So assuming a Pentium III 866 MHZ is about a ten times faster Pentium 90. That would be an upper limit, but not so unrealistic; if it was a large program that would not fit in the cache of the 486,- I'm not sure, but I don't think the 486 actually had an on board/chip instruction cache?-, and knowing there are Pentium III 866 procesors with 256 kB L2 cache but there were also for instance the Celerons, that were Pentium IIIs but had IIRC only 128 kb L2 cache (I had one of those, 500 MHz Celeron Pentium III), but otherwise these were identical (Of the 866 Pentium III I think the 128 kB version was not called Celeron anymore). If this chessprogram would now fit completely in that 256 kB cache of a real Pentium III, and for an old program I think it might, then that would be beneficial to its execution speed, irrespective of the increased clock speed to 866 MHz. So with some luck I think you would get more than that figure of +222 that you get from just looking at the increased clock speed.

Eelco

Steve,

Please have a look at this resource:

http://tldp.org/HOWTO/BogoMips/bogo-list.html


For the 486 66MHz I think the speed index is around 33.
For P3 866MHz the speed index is ca. 1730.

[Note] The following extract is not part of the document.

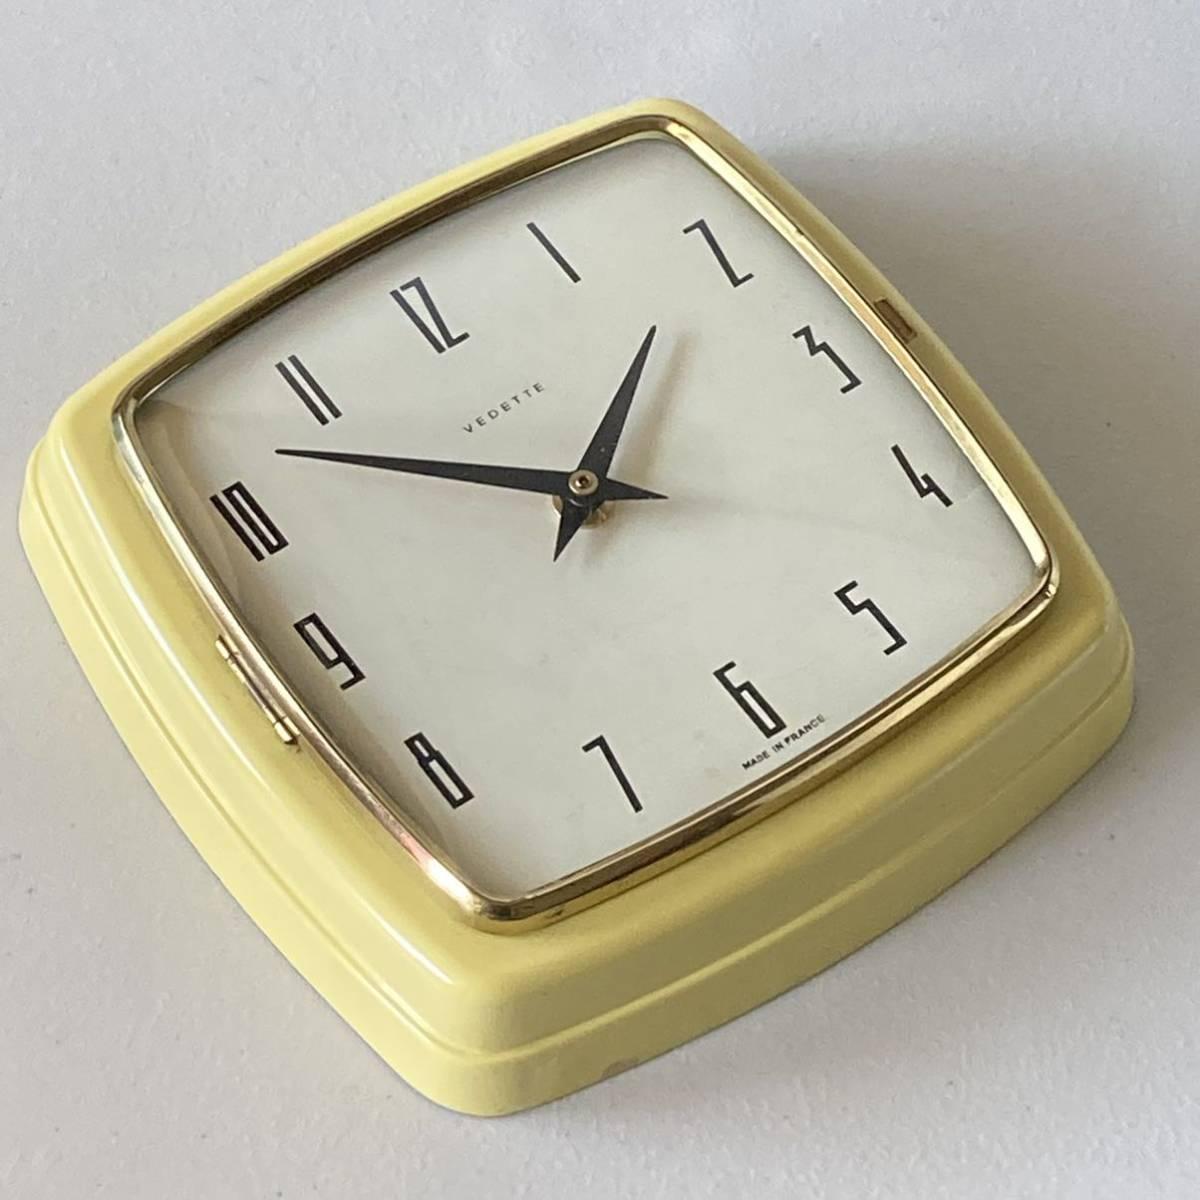 フランス ヴィンテージ ウォールクロック ミッドセンチュリー インテリア ディスプレイ 店舗什器 掛け時計 デザイン_画像3

These numbers give a much bigger difference that the raw clock speed comparison. Bob is absolutely right - once cycle of the 486 is NOT the same as one cycle of the P3.

I used these index values to calibrate DOS Box version of the Genius 3 program to my dedicated Mephisto unit (there are Motorola 68030 speeds here as well). The results were really close to the index predictions.

Regards,
PK